Lately, there’s been a creepy trend of media outlets attempting to humanize Nazis and white supremacists; this was evident in the recent brouhaha over a New York Times profile of an avowed white nationalist, which took pains to describe said white nationalist’s love of “Seinfeld” and paint a loving portrait of how he “sauté[ed] minced garlic with chili flakes.” But “Wolfenstein” takes the opposite tack: no humanization here. Just good ol’ fashioned Nazi-killing. Maybe the New York Times should take a page from “Wolfenstein’s” book.
Libs like Smith find it a ‘creepy trend’ for the likes of the NYT (not exactly a paleo publication) presenting Alt Right figures in any context other than a caricature, a mustache-twisting villain.
Things are going to get more violent before they get more peaceful.
Countdown until someone screams ‘anti-Semitism!’ due to this photo accompanying a Fox News story (“NBC execs under fire for silence on Lauer; could they be fired for protecting pervy anchor?”). The photo shows Matt Lauer (who is part Jewish), flanked by NBC News Chairman Andy Lack and NBC News Deputy Chairman Noah Oppenheim (spiker of Ronan Farrow’s HW story).
From OC Weekly, an ‘art exhibit’ that seeks to simultaneously discuss Carl Schmitt’s political philosophy, visually present the horrors of gun ownership, all while stylistically making fun of some MAGA white men who own a gun store in Maine:
Stepping into the dark hallway leading to Omar Mismar’s film installation, “Schmitt, You and Me,” at UC Irvine’s Room Gallery, you see a paper target peppered with seven bullet holes, each hit in areas that would devastate vital organs. It’s difficult to view with perfect clarity, but in the upper-right corner, there’s a complimentary, handwritten note along the lines of “Great Job!” that’s signed and dated by an employee of Staple Gun Shop in Skowhegan, Maine. You can step up to the target and peer through the bullet holes, the film playing on the other side.

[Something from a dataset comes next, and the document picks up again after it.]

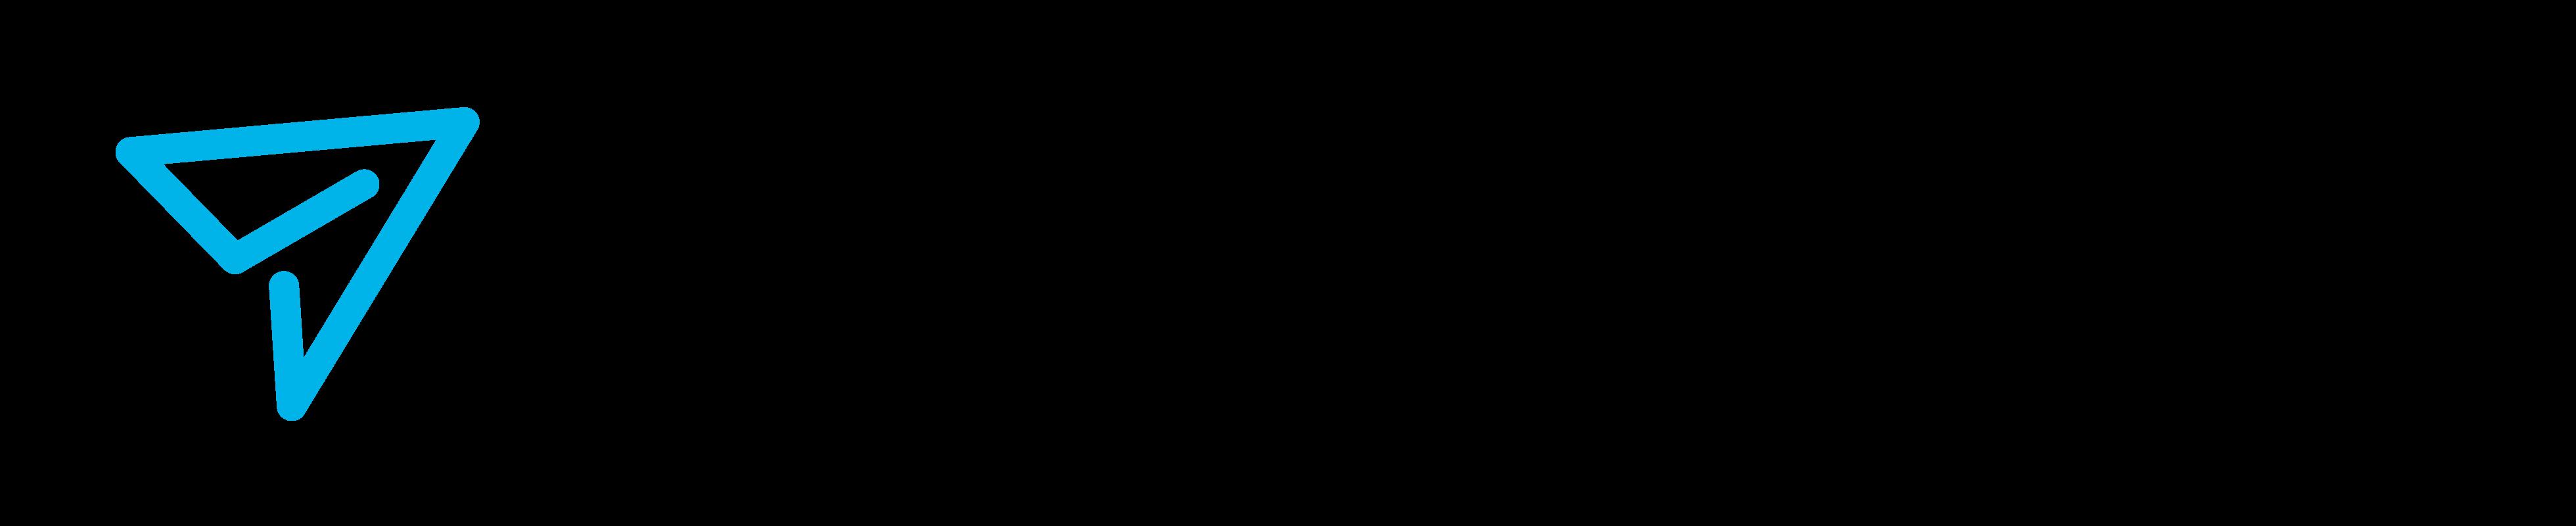 Comtravo logo

The film, screened on the other side of this paper, plays on a loop, its first shots showing the camera lens going in and out of focus on its subjects, two gun-store employees. Like a Central Casting cliché, the duo is middle-aged, white, wearing baseball caps (one with the store logo on it, the other with “Trump Fence Building Co. Free Installation” stitched onto the front panels) and T-shirts in various states of cleanliness or grime, and standing against a row of rifles and semi-automatic weapons. It’s a picture-perfect beginning, the artist literally focusing on the two men and what they’re saying.
Or, to be more specific, what they’re reading. The two fumble their way through several pages from the extraordinarily complex work of German philosopher Carl Schmitt. My superficial understanding of his “friend” and “enemy” paradigm—based on my reading and curator Juli Carson’s incisive, if overwritten, exhibition pamphlet—is that the labels are often inaccurate ways political organizations perpetuate the separation of “us” and “them.” This increasing dissociation is passed to groups of people that are within the organization, eventually leading to factions of people gathering together under one banner or another, with the end result an act of violence. What’s not explained in the film is that Schmitt was an unrepentant Nazi Party member hauled in front of the Nuremberg Trials for his collaboration and that the writings are his defensive apologia for fascism and anti-Semitism.
The men mispronounce words and steamroll through the dense academic text without nuance, and at first, they have no clear understanding of what they’re reading. Sections repeat more than once, with each of the men stopping and starting as they feel more comfortable with the material, have a question for Mismar, or answer phone calls and customer queries. The artist periodically asks them to try to look at the camera as they read, but he otherwise stays relatively silent, respectfully correcting a pronunciation or offering a word definition only when one of the men gets confused and specifically asks for it.